In that world, GPT5 has the possibility-of-true-generality, but, not necessarily very efficiently, and once you get to the sharper part of the AI 2027 curve, the mechanism by which the next generation of improvement comes is via figuring out alternate algorithms.

[-]Rohin Shah1mo*66

I bucket this under "given this ratio of right/wrong responses, you think a smart alignment researcher who's paying attention can keep it in a corrigibility basin even as capability levels rise?". Does that feel inaccurate, or, just, not how you'd exactly put it?

I'm pretty sure it is not that. When people say this it is usually just asking the question: "Will current models try to take over or otherwise subvert our control (including incompetently)?" and noticing that the answer is basically "no".^[1] What they use this to argue for can then vary:

Current models do not provide much evidence one way or another for existential risk from misalignment (in contrast to frequent claims that "the doomers were right")
Given tremendous uncertainty, our best guess should be that future models are like current models, and so future models will not try to take over, and so existential risk from misalignment is low
Some particular threat model predicted that even at current capabilities we should see significant misalignment, but we don't see this, which is evidence against that particular threat model.^[2]

I agree with (1), disagree with (2) when (2) is applied to superintelligence, and for (3) it depends on details.

In Leo's case in particular I don't think he's using the observation for much, it's mostly just a throwaway claim that's part of the flow of the comment, but inasmuch as it is being used it is to say something like "current AIs aren't trying to subvert our control, so it's not completely implausible on the face of it that the first automated alignment researcher to which we delegate won't try to subvert our control", which is just a pretty weak claim and seems fine, and doesn't imply any kind of extrapolation to superintelligence. I'd be surprised if this was an important disagreement with the "alignment is hard" crowd.

^{^}
There are demos of models doing stuff like this (e.g. blackmail) but only under conditions selected highly adversarially. These look fragile enough that overall I'd still say current models are more aligned than e.g. rationalists (who under adversarially selected conditions have been known to intentionally murder people).
^{^}
E.g. One naive threat model says "Orthogonality says that an AI system's goals are completely independent of its capabilities, so we should expect that current AI systems have random goals, which by fragility of value will then be misaligned". Setting aside whether anyone ever believed in such a naive threat model, I think we can agree that current models are evidence against such a threat model.

[-]leogao26d20

I'm claiming something like 3 (or 2, if you replace "given tremendous uncertainty, our best guess is" with "by assumption of the scenario") within the very limited scope of the world where we assume AGI is right around the corner and looks basically just like current models but slightly smarter

[-]Raemon26d*10

It sees like the reason Claude's level is misalignment is fine is because it's capabilities aren't very good, and there's not much/any reason to assume it'd be fine if you held alignment constant but dialed up capabilities.

Do you not think that?

(I don't really see why it's relevant how aligned Claude is if we're not thinking about that as part of it)

[-]Rohin Shah25d20

it'd be fine if you held alignment constant but dialed up capabilities.

I don't know what this means so I can't give you a prediction about it.

I don't really see why it's relevant how aligned Claude is if we're not thinking about that as part of it

I just named three reasons:

Current models do not provide much evidence one way or another for existential risk from misalignment (in contrast to frequent claims that "the doomers were right")
Given tremendous uncertainty, our best guess should be that future models are like current models, and so future models will not try to take over, and so existential risk from misalignment is low
Some particular threat model predicted that even at current capabilities we should see significant misalignment, but we don't see this, which is evidence against that particular threat model.

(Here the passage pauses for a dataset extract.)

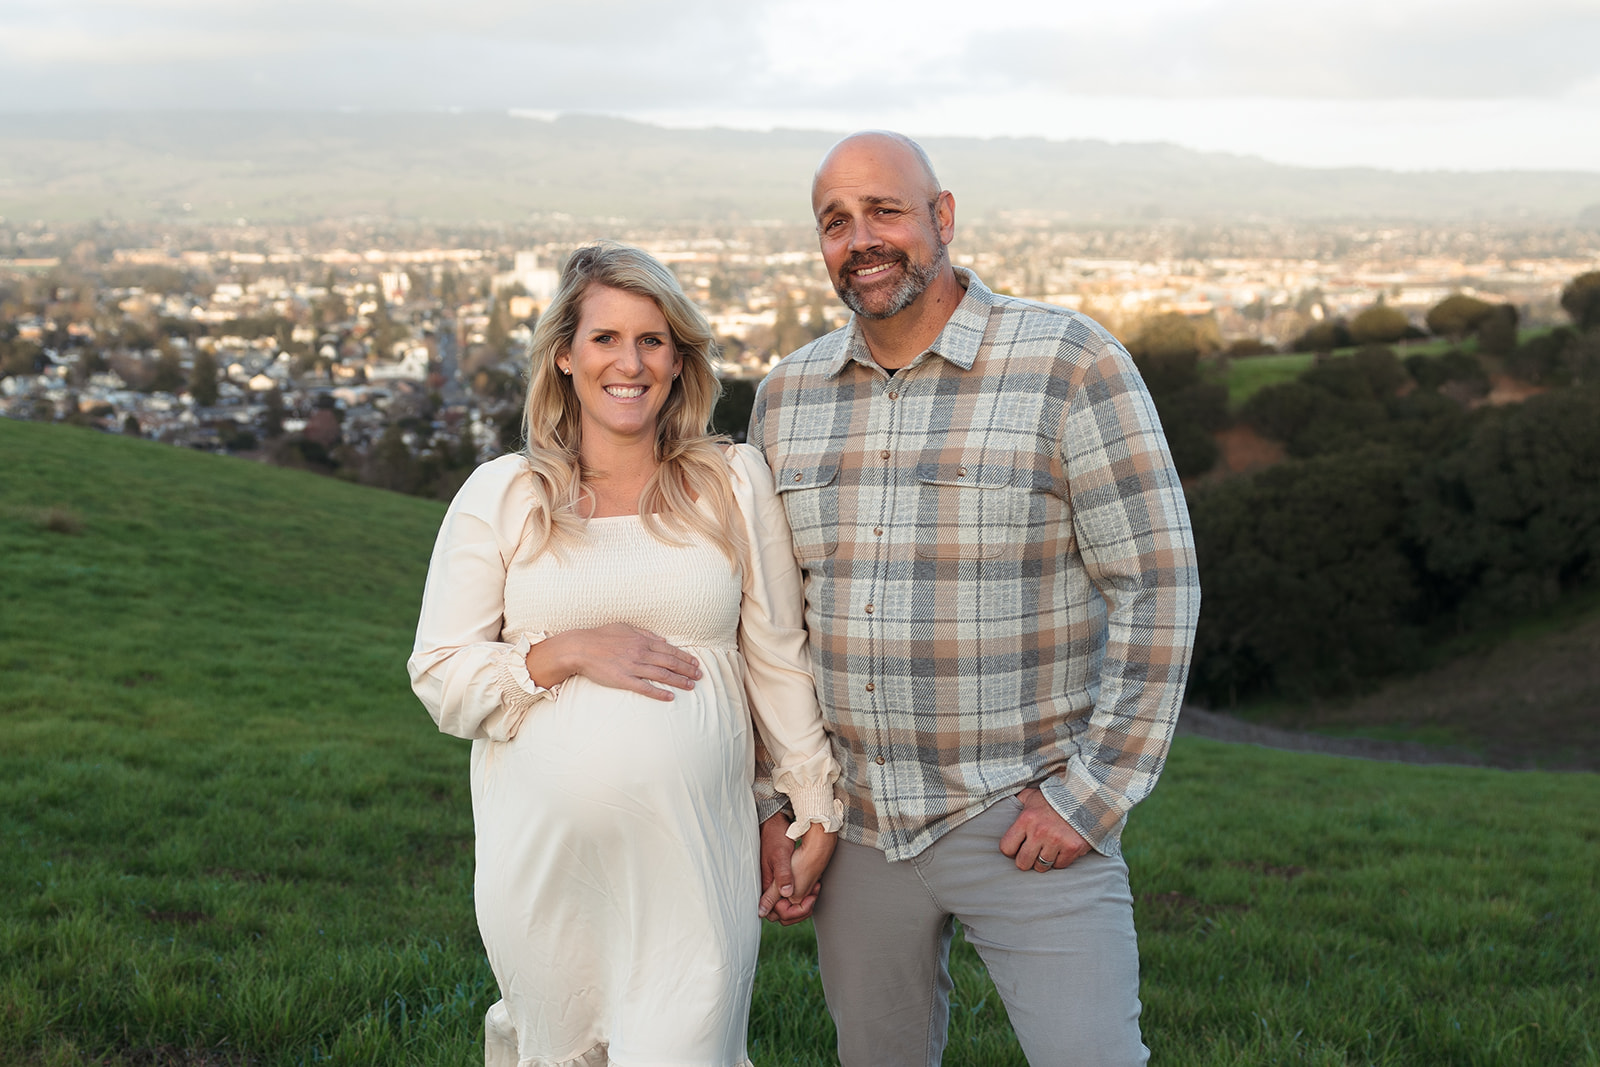 Maternity photoshoot during golden hour in the Petaluma hills

Is it relevant to the object-level question of "how hard is aligning a superintelligence"? No, not really. But people are often talking about many things other than that question.

For example, is it relevant to "how much should I defer to doomers"? Yes absolutely (see e.g. #1).

[-]leogao25d10

the premise that i'm trying to take seriously for this thought experiment is, what if the "claude is really smart and just a little bit away from agi" people are totally right, so that you just need to dial up capabilities a little bit more rather than a lot more, and then it becomes very reasonable to say that claude++ is about as aligned as claude.

(again, i don't think this is a very likely assumption, but it seems important to work out what the consequences of this set of beliefs being true would be)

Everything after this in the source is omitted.